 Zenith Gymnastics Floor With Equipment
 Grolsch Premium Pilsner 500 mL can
☆ ☆ ☆
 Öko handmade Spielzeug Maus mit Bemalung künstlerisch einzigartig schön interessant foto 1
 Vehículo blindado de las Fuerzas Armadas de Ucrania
☆ ☆ ☆
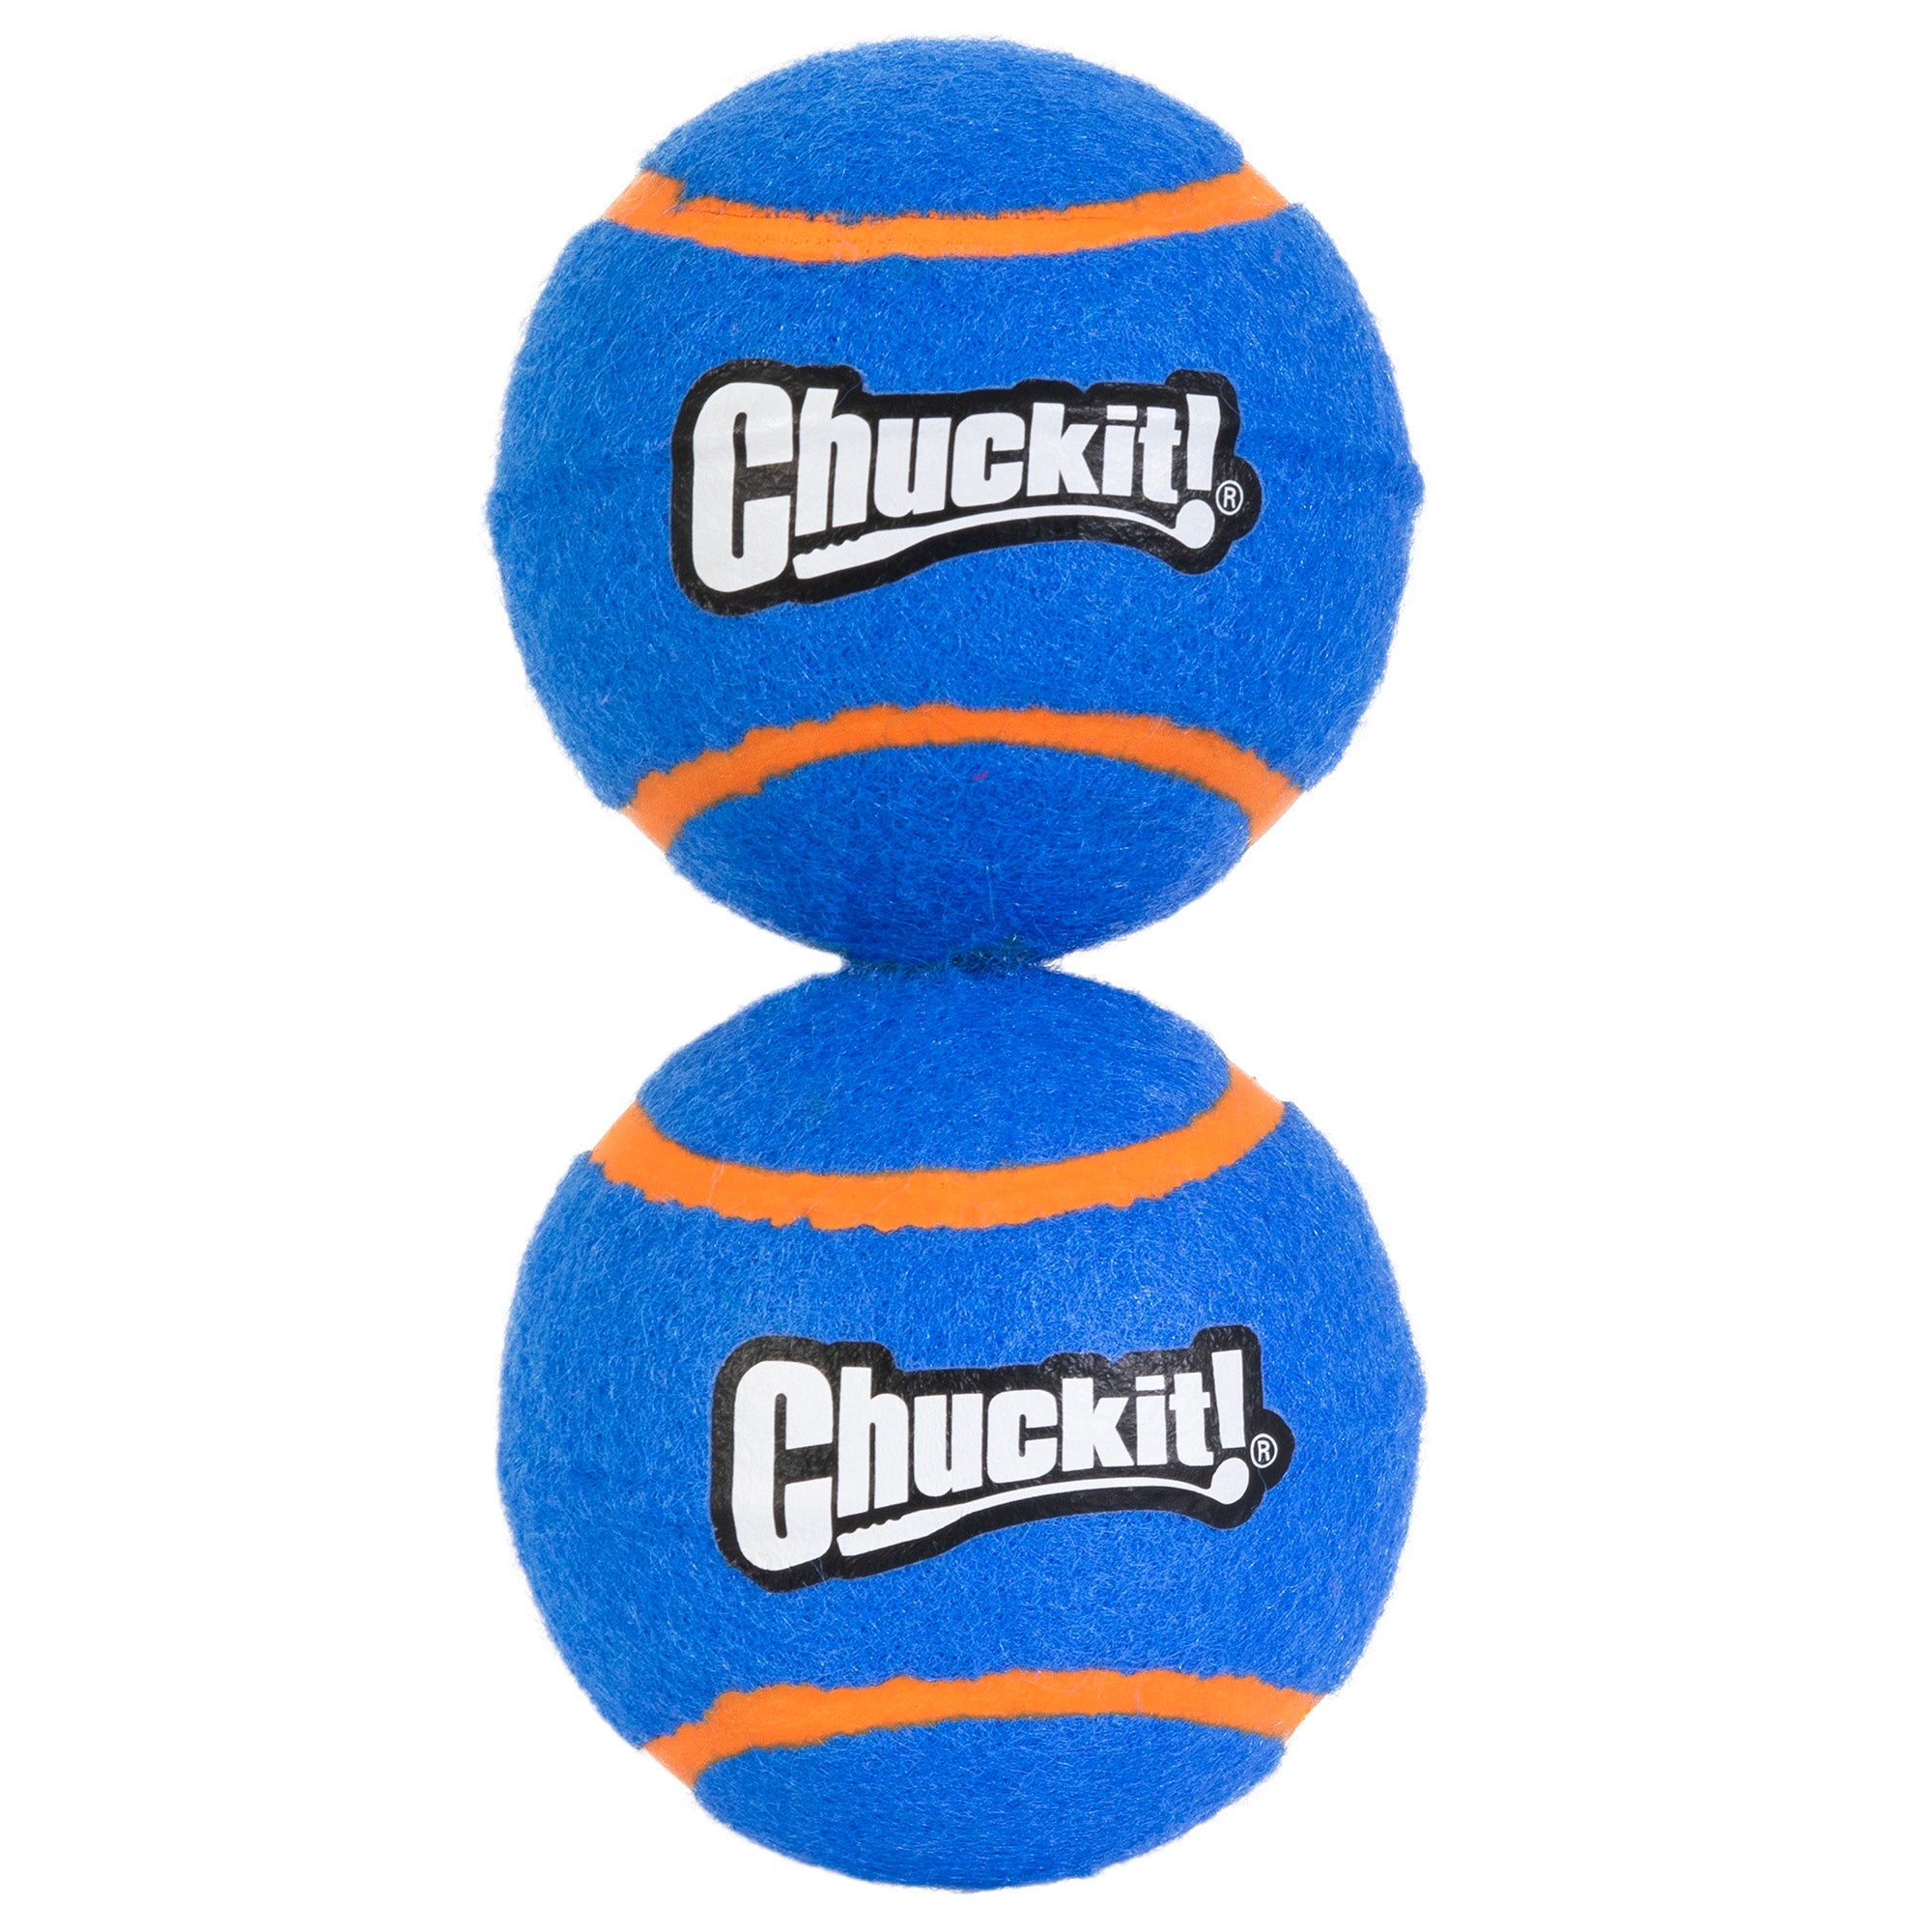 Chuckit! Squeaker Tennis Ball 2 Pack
☆ ☆ ☆
▶ [TASK STATEMENT] Look through the material above and print exactly the lines from the one containing "Zenith Gymnastics Floor With Equipment" to the one containing "Grolsch Premium Pilsner 500 mL can", both included, and nothing more.

▶ [RESPONSE BOX]
 Zenith Gymnastics Floor With Equipment
 Grolsch Premium Pilsner 500 mL can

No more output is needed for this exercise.